汝、光之國へ還りたまへ
「鈴っ!!」
クリスたちが駆けこんできた。玲ははっとして顔を上げた。彼女の傍にはチャールズとフローラがいる。玲は再び俯いた。
「そんな……」
たったそれだけのことで彼らは悟った。レイチェルは耐えられないというように顔を背ける。クリスはチャールズとフローラに目もくれず鈴のところへ行き、心から祈った。
「君に、神の御加護を」
鈴の表情は安らかだった。眠っているのかもしれないと彼らは思いたかった。けれど、それは叶わない夢だ。現実はいつだって厳しい。
「フローラ」
クリスはフローラを睨みつけた。すでに仲間を失った悲しみだとか、こんなことをした『敵』への慈悲だとかの生易しいものは一切なかった。
何も考えないようにしたわけではない。そうしていたのが今までの自分だった。
自暴自棄になったわけでもない。そうなれるほど、僕は子供じゃなかった。
「僕はお前を許さない」
「ほう。光属性の力を失ったお前に何ができるというのじゃ?」
一人じゃ何もできない。この魔女を倒すことなどできやしない、だから。
もしも君がここにいたら何て言うだろう。……やっぱり、無茶なことは止めろと言うのかな。

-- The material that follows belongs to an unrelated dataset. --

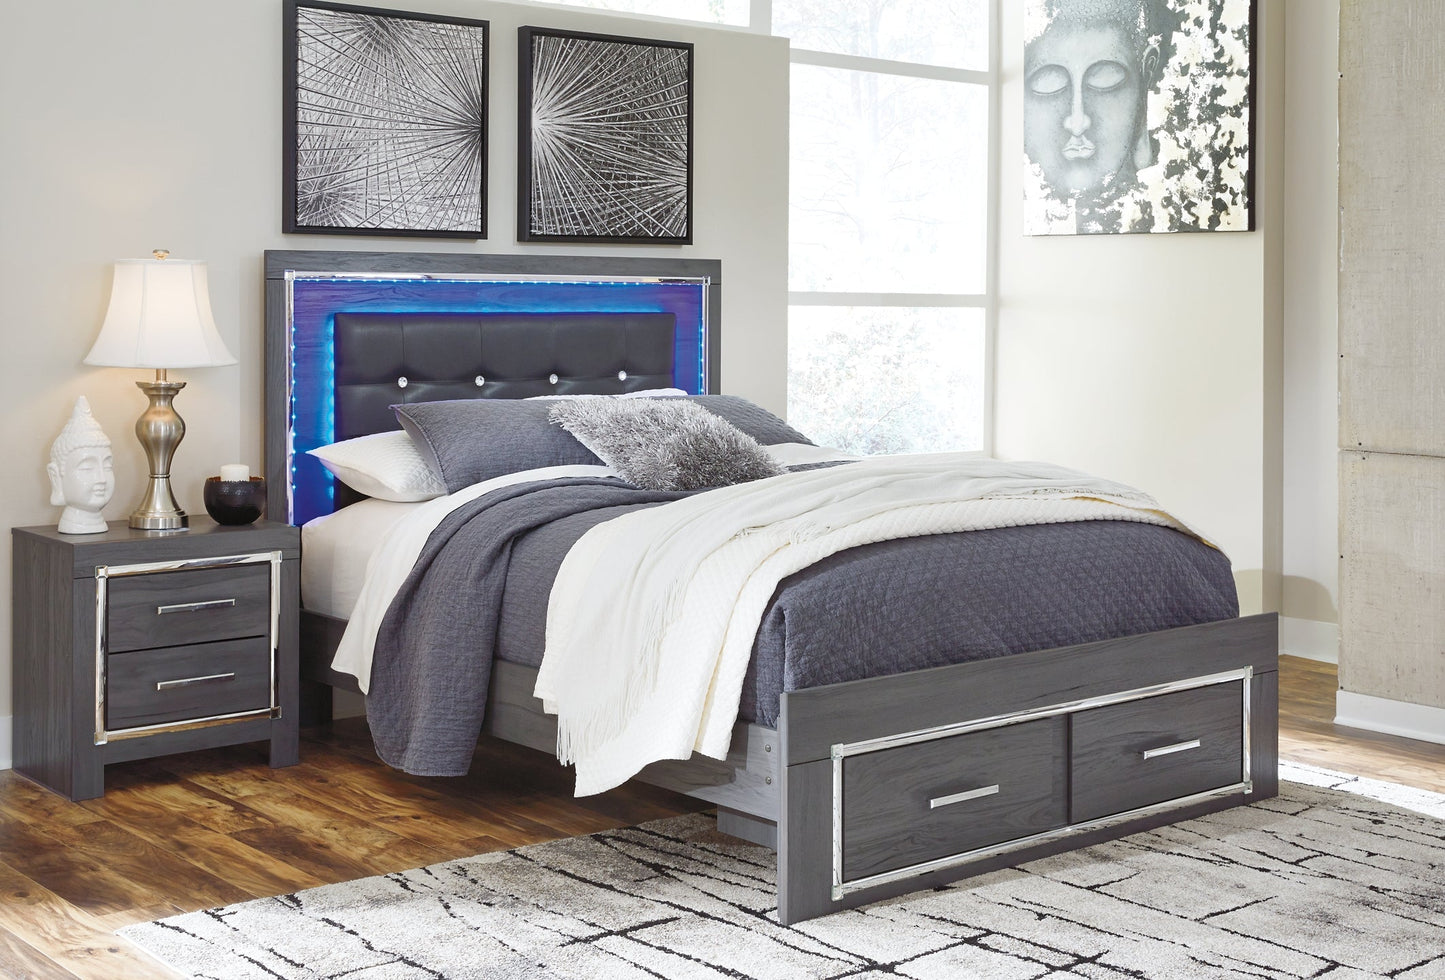 Lodanna Queen Panel Bed with 2 Storage Drawers at Walker Mattress and Furniture Locations in Cedar Park and Belton TX.

平和な世界を築くために戦っているわけじゃない。これは無意味な戦いなのかもしれない。僕が今まさに行おうとしていることは、きっと正しくないのだろう。私利私欲のためなんだろうと罵られてもいい、偽善だと言われたって構わない。
彼女を倒すことでメグリヤ、君が救われるのなら。
『彼ら』を倒すことで『君たち』が救われるのなら、正しくても正しくなくてもどっちだっていい。
神様、あなたが残酷なのではない。あなたを残酷な神様に仕上げたのは僕自身だった。
僕に与えられた力が何のためにあったのか今更分かったんだ。そう、それは―――。
「何っ?!」
フローラは寸前で攻撃をかわした。僕は聖剣を両手で持ち直した。
「力を失っているわけではないんだよ、残念ながら」
「ふん。ならば、わしに油断させようとしたわけか?」
フローラは嘲笑いながら魔法弾を放った。僕はそれを剣で弾き返す。
何かを誤魔化すことはもう御免だ。だからこう言う。
「あんたを殺してやりたかったからだ!」
全ての始まりはこいつだ。こいつが元凶だったんだ―――。